Didn’t you at least have some notion of what love is, Mayya? Didn’t you feel something of what I went through as I paced around your family home like a pilgrim circles the Kaaba, once, twice, seven times?
How could the house ever be spacious enough to hold all of my passion? How did its single balcony bear up under me, as I stood there alone, weighted down by so much love, without collapsing onto the dirt street or fragmenting, to be carried off by the breezes into God’s heavens? How did the small room bear the tons of clouds I kept stored away in there, simply so that I could walk across them? How did the walls stay still and unshakeable, never once quaking with the torment of my unbearable joy?

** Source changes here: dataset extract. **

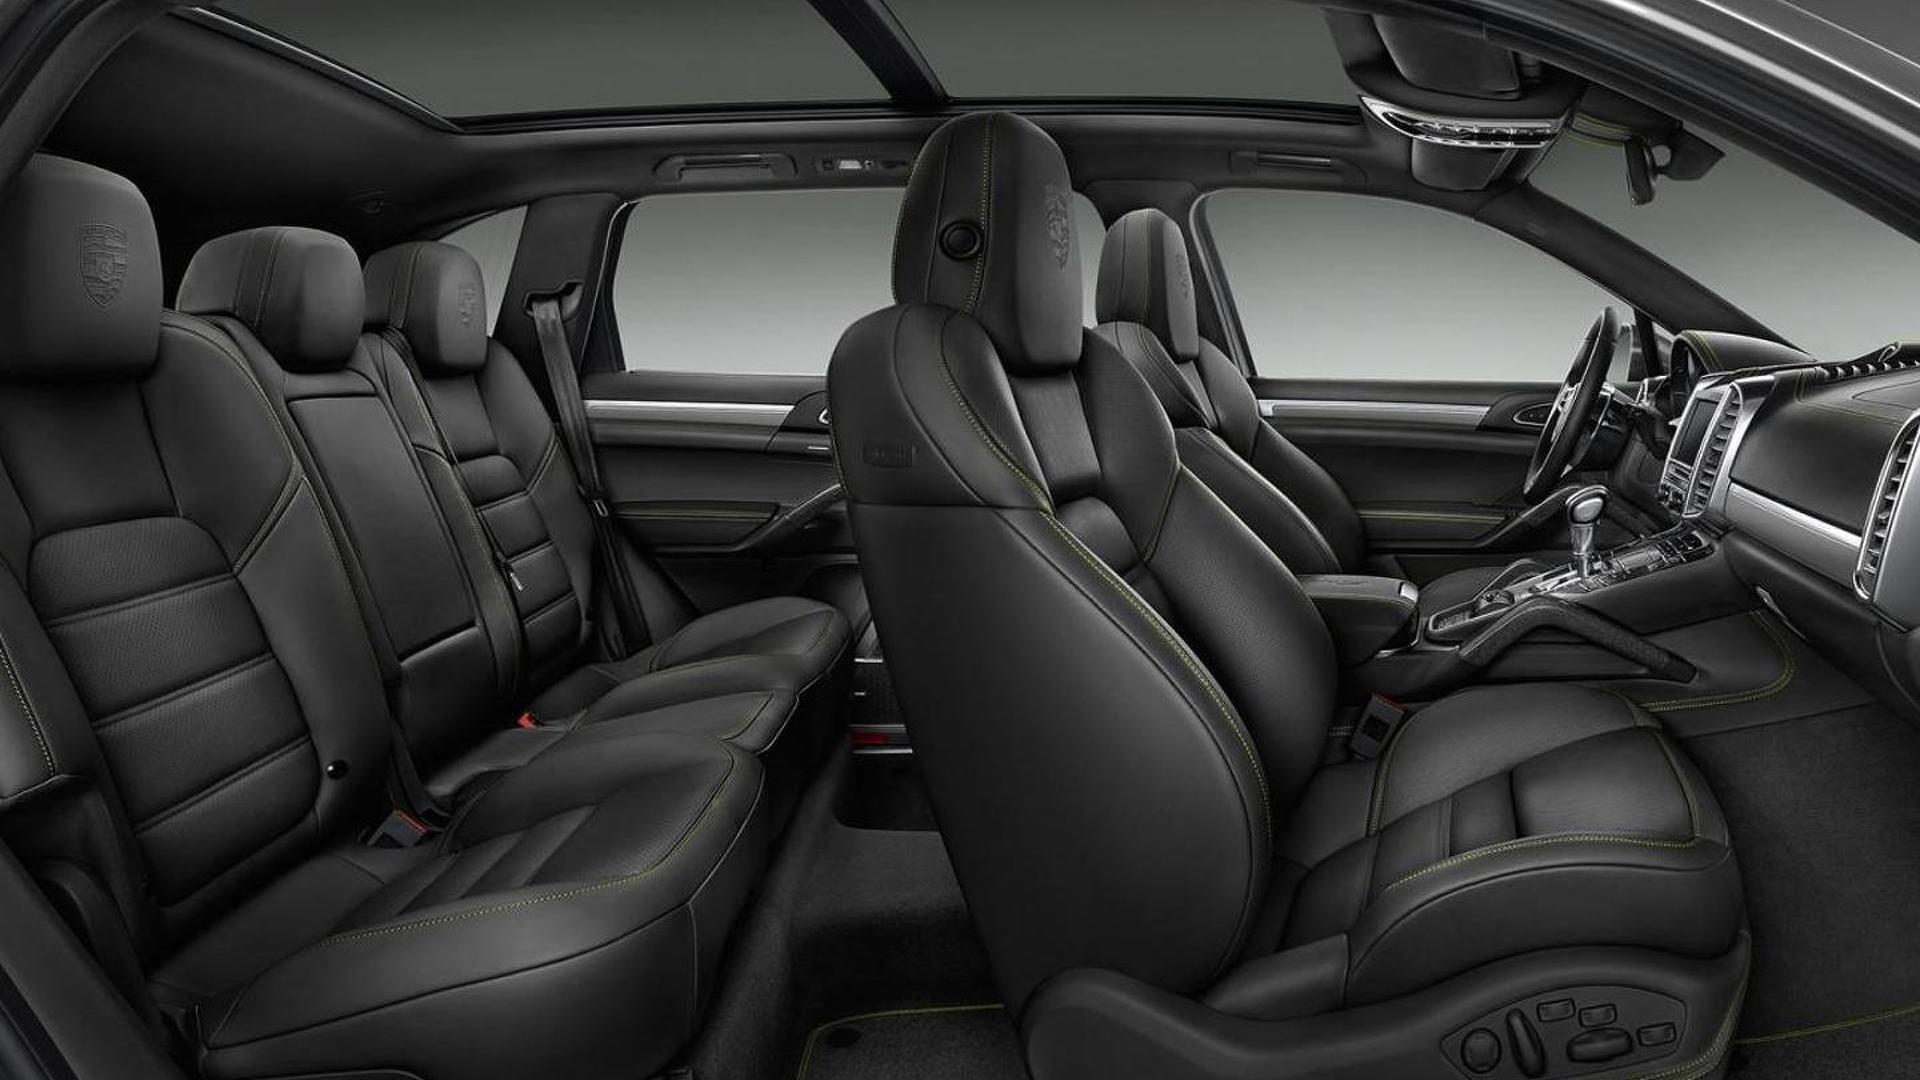 Фото салона Porsche Cayenne S E-Hybrid от Porsche Exclusive
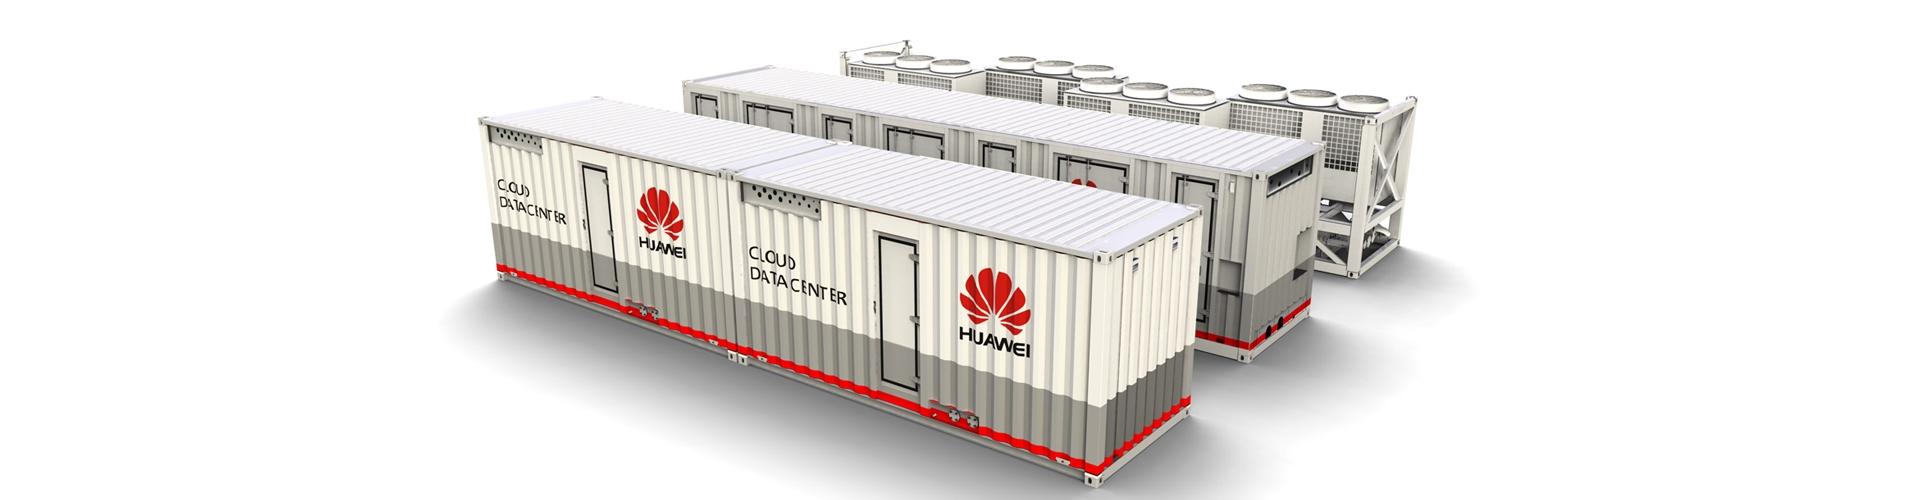 Centre de date in container

But everything remained in its place even if I had no place. The doors did not fly off their hinges even if my cast down body was riddled with the live bullets of desperate love. The windows did not shatter, though my wings beat hard against the glass, strong enough to soar from the front window to the furthest speck on the horizon. The house was roomy enough to hold me, to contain the scream of desire that echoed inside me.